Baktığın her şeyde ALLAH’ı görenlerden ol.Ağaçları,çiçekleri,hayvanları…
“Hatta bir gün kedilere baktım. Yalnız yemeklerini yediler, oynadılar, yattılar. Hatırıma geldi: ‘Nasıl bu vazifesiz canavarcıklara mübarek denilir?’ Sonra gece yatmak için uzandım. Baktım, o kedilerden birisi geldi, yastığıma dayandı ağzını kulağıma getirdi. Sarih bir surette ‘Yâ Rahîm, yâ Rahîm, yâ Rahîm, yâ Rahîm’ diyerek güya hatırıma gelen itirazı ve tahkiri, taifesi namına reddedip yüzüme çarptı. Aklıma geldi: ‘Acaba şu zikir bu ferde mi mahsustur, yoksa taifesine mi âmmdır? Ve işitmek yalnızca benim gibi haksız bir müterize mi münhasırdır, yoksa herkes dikkat etse bir derece işitebilir mi?” (Sözler)
Anla artık insanoğlu! Hayvanlar bile ALLAH’ı zikrederken sen ne(y)den kaçıyorsun? Kainata bakıp mükemmelliği görürken, neden kainatı yaratanı unutuyorsun? Güneş gibi parlak hakikat dururken, neden görmek istemeyip göz yumuyorsun.

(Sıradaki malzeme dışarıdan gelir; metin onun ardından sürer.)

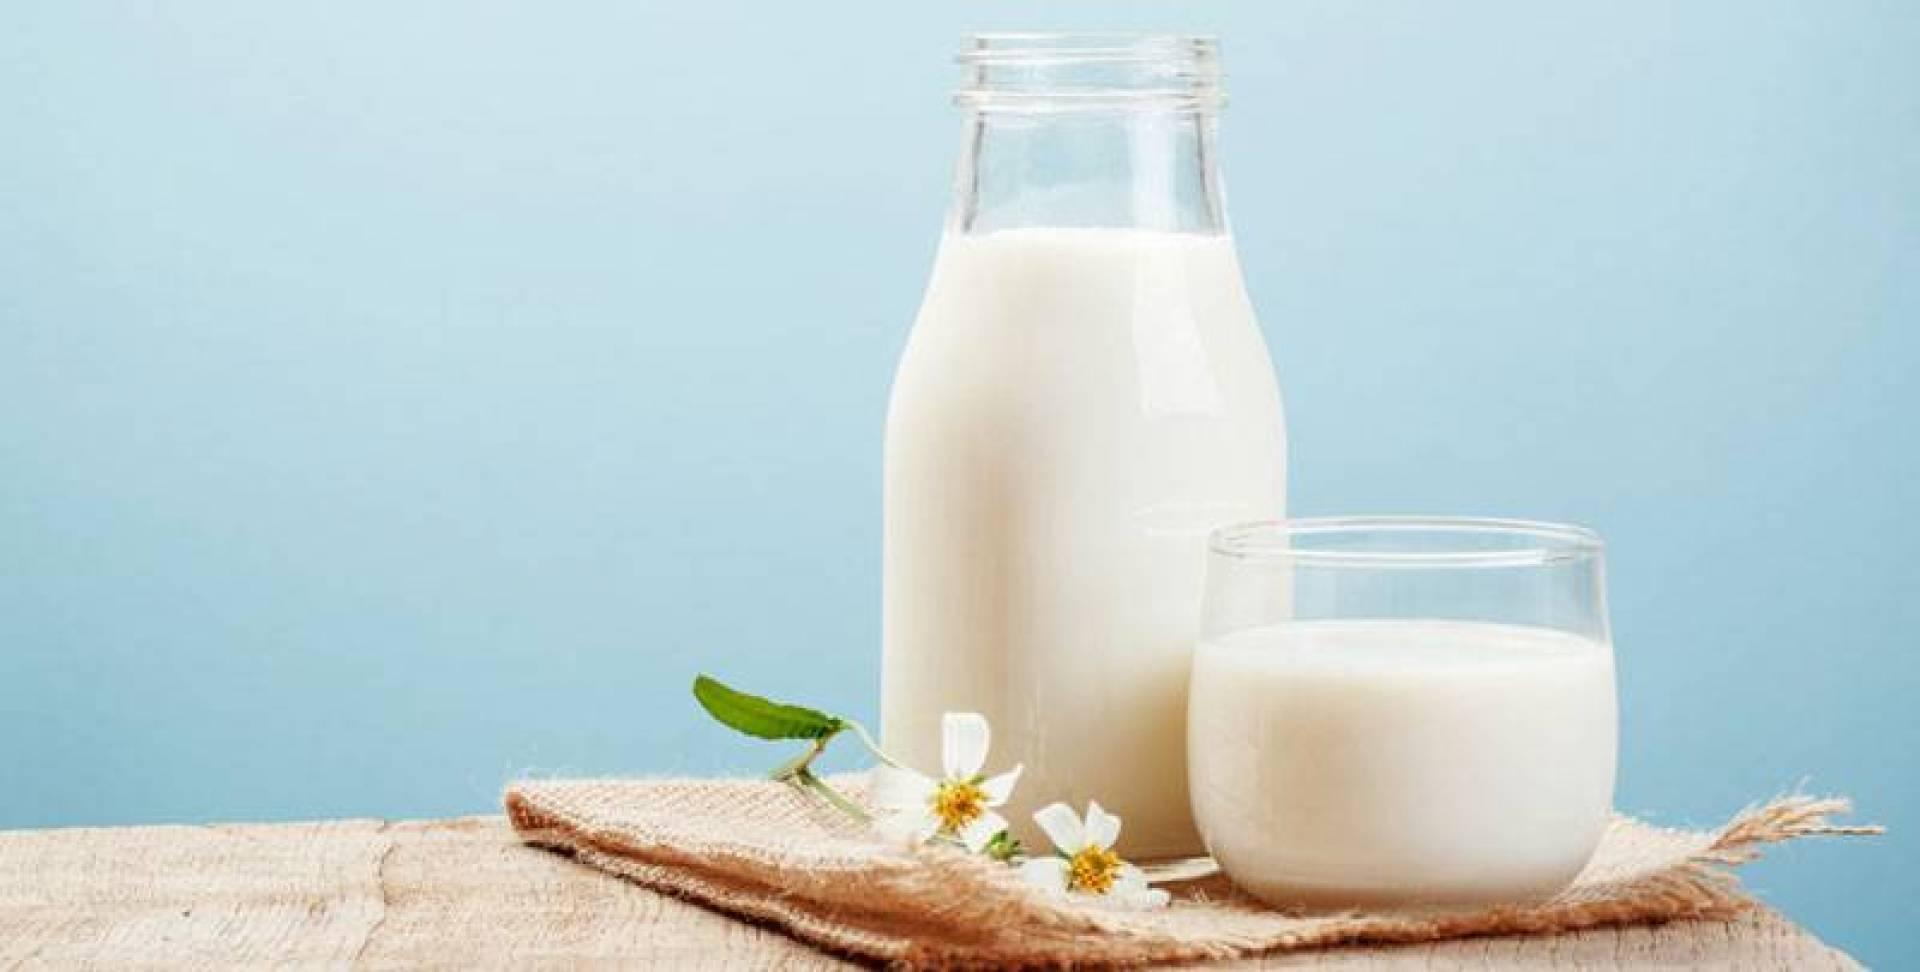 تناول الحليب يومياً قد ينقذك من أمراض القلب

Ölü bir kalbi diriltmek senin elinde, kalbini çerçeveleyen o doğru bildiğin yanlışlardan kurtulmak senin elinde… Şimdi kır at o çerçeveyi ve yeniden dirilt kalbini!..”Diril Artık Ey Kalbim!” diye haykır haykırabildiğince.!

Kur’ân-ı Kerim’de “Yeryüzünde hiç gezmediler mi düşünebilecekleri kalpleri ve işitebilecekleri kulakları olsun? Zîrâ asıl kör olan (maddî) gözler değil (basîretlerini kaybeden) göğüslerdeki kalpleridir.”
Hakikat denizlerine açılmak icin zaman bekleme, ne acı ki belki beklediğin o zamana ulaşamadan öleceksin! “Ölmek” , “Ölüm” ne hakikat dolu bir kelime..!En sevdiklerinden ayrılacaksın. Bindiğin arabadan, kullandığın telefondan, en sevdiğin ayakkabından vs.
Ve sonra yavaş yavaş vicdan sızılamaya başlayacak ve kendine soruların :

ALLAH Teâlâ’nın emirlerine itaat edip,yasaklarından sakınmak ve kazâsına rıza göstermek hususunda sabrettim mi?

Haramları ve haram olma ihtimali olan şüphelileri terkettim mi?

Sünnet-i seniyyeye uymak ve unutulan sünnetleri ihya ettim mi?

Ashâb-ı kirâmı sevmek, onlardan razı olmak, onların kıymet ve şereflerini yüksek tuttum mu?

Âlimlere, büyüklere ve fazilet sahibi kimselere hürmet ettim mi?

ALLAH Teâlâ’nın ninetlerine şükrettim mi?

Nefsimi sürekli hesaba çektim mi?

Müslümanların ihtiyacını giderdim mi?

Müslümanların ayıbını örttüm mü?

Namazları ilk vakitlerinde kıldım mı?

Dinen yasaklanan işlerden uzak durdum mu?